What oil should I use for frying Chicken Kiev?

Use a neutral-flavored oil like vegetable, canola, or peanut oil. Heat it to 350°F (175°C) for frying.

How do I fry the breaded chicken?

Fry the chicken in hot oil for 3-4 minutes per side until golden. If it browns too fast, lower the heat. Don’t overcrowd the pan.

How can I achieve an extra crispy coating?
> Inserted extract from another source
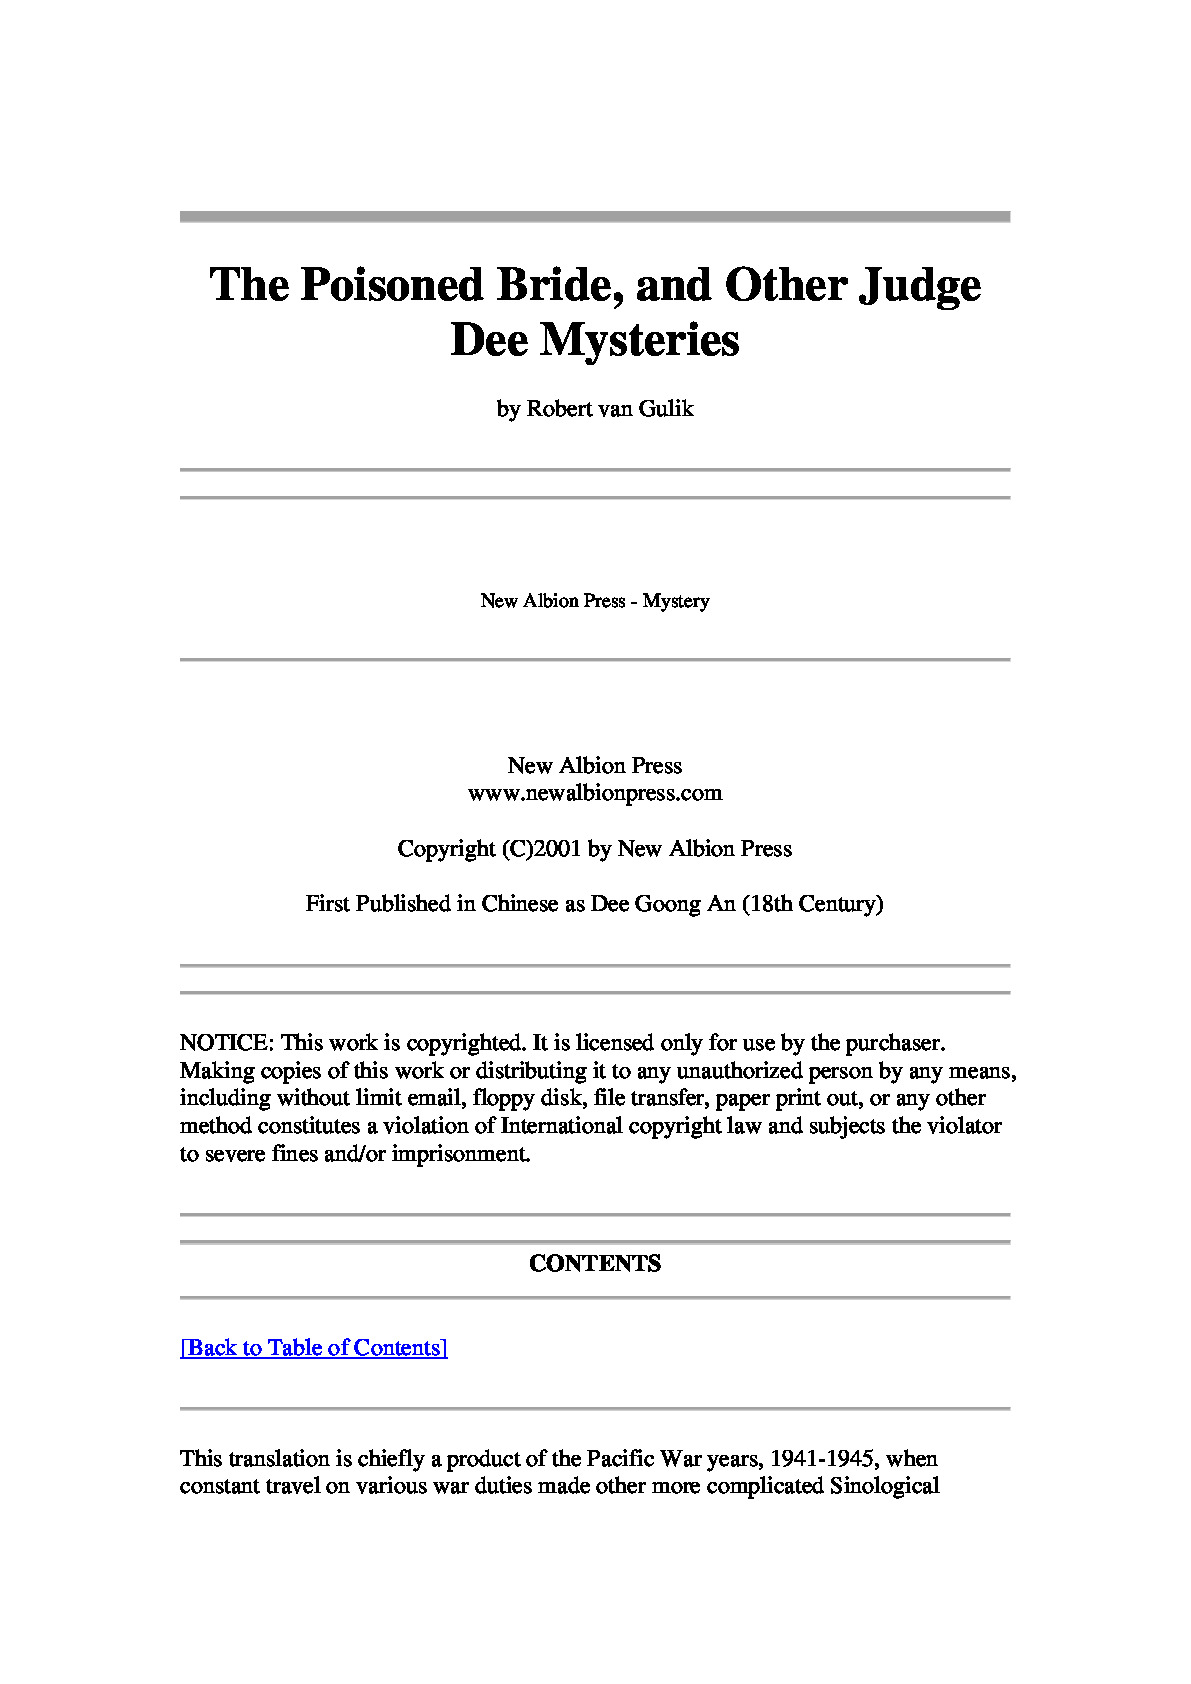 狄公案  – The Poisoned Bride and Other Judge Dee Mysteries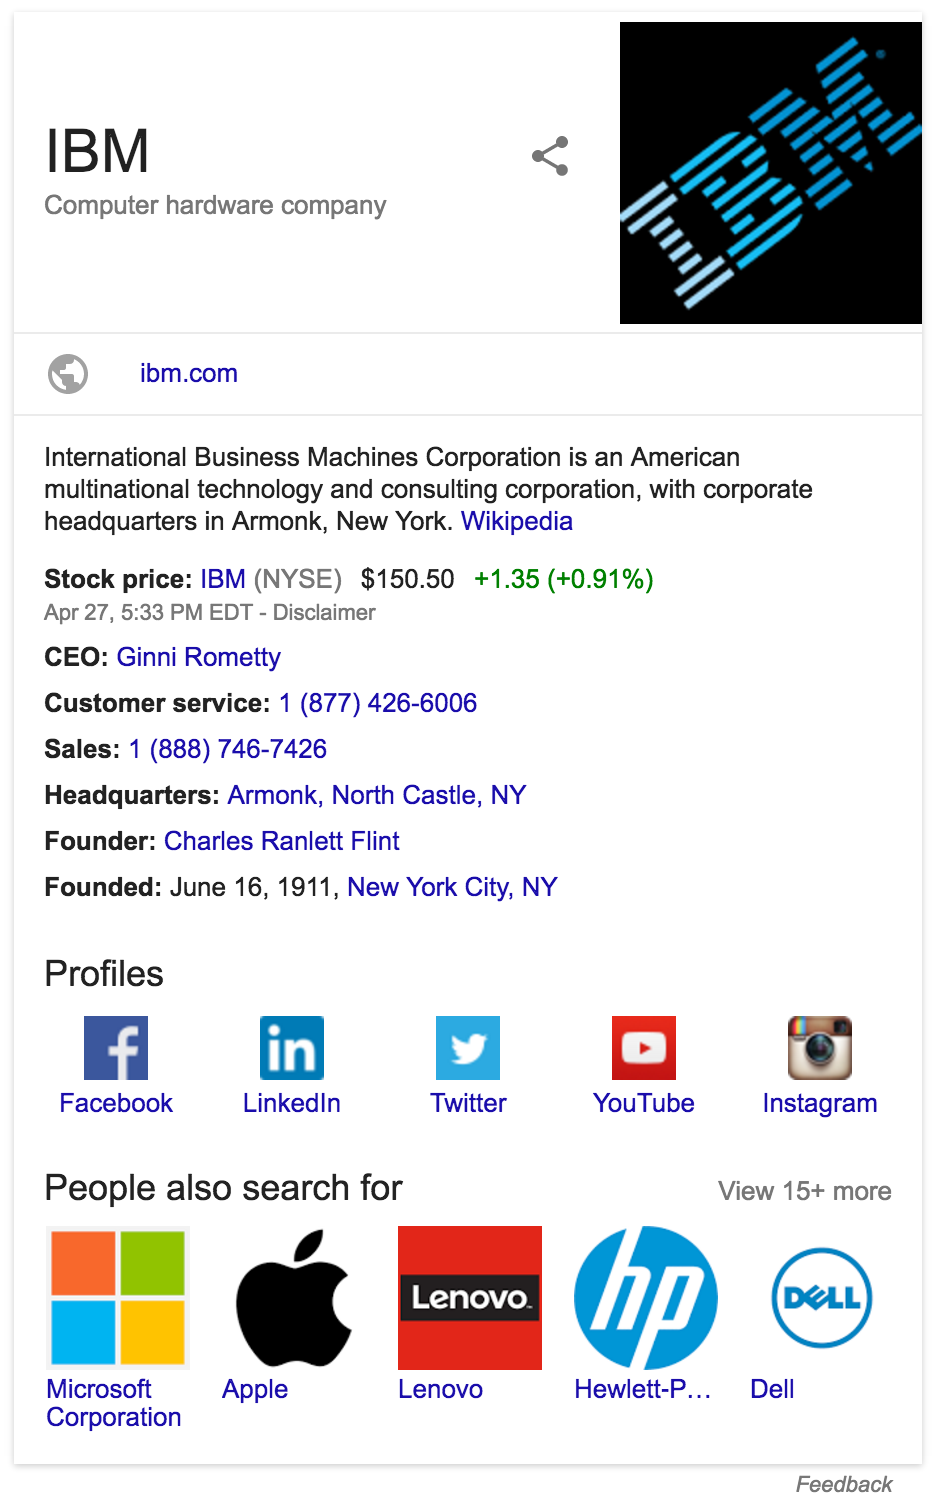 การ์ดความรู้ของ Google ในผลการค้นหาของ Search

For extra crispiness, use double breading. After the first breading, dip in egg wash and then breadcrumbs again. This makes the crust thicker and crunchier.

What is the proper internal temperature for Chicken Kiev?

Use a meat thermometer to check the Chicken Kiev’s internal temperature. It should reach 165°F (74°C).

What are some good side dish options for Chicken Kiev?

Serve Chicken Kiev with sides like roasted carrots, rice pilaf, mashed potatoes, or steamed vegetables. The herb butter sauce goes well with starchy sides.

How do I store and reheat leftover Chicken Kiev?

Store leftover Chicken Kiev in an airtight container in the fridge for up to 4 days. Reheat in a 350°F (175°C) oven for 10-12 minutes. Avoid microwaving to prevent soggy breading. Freeze uncooked, breaded Chicken Kiev for up to 3 months, thawing before cooking.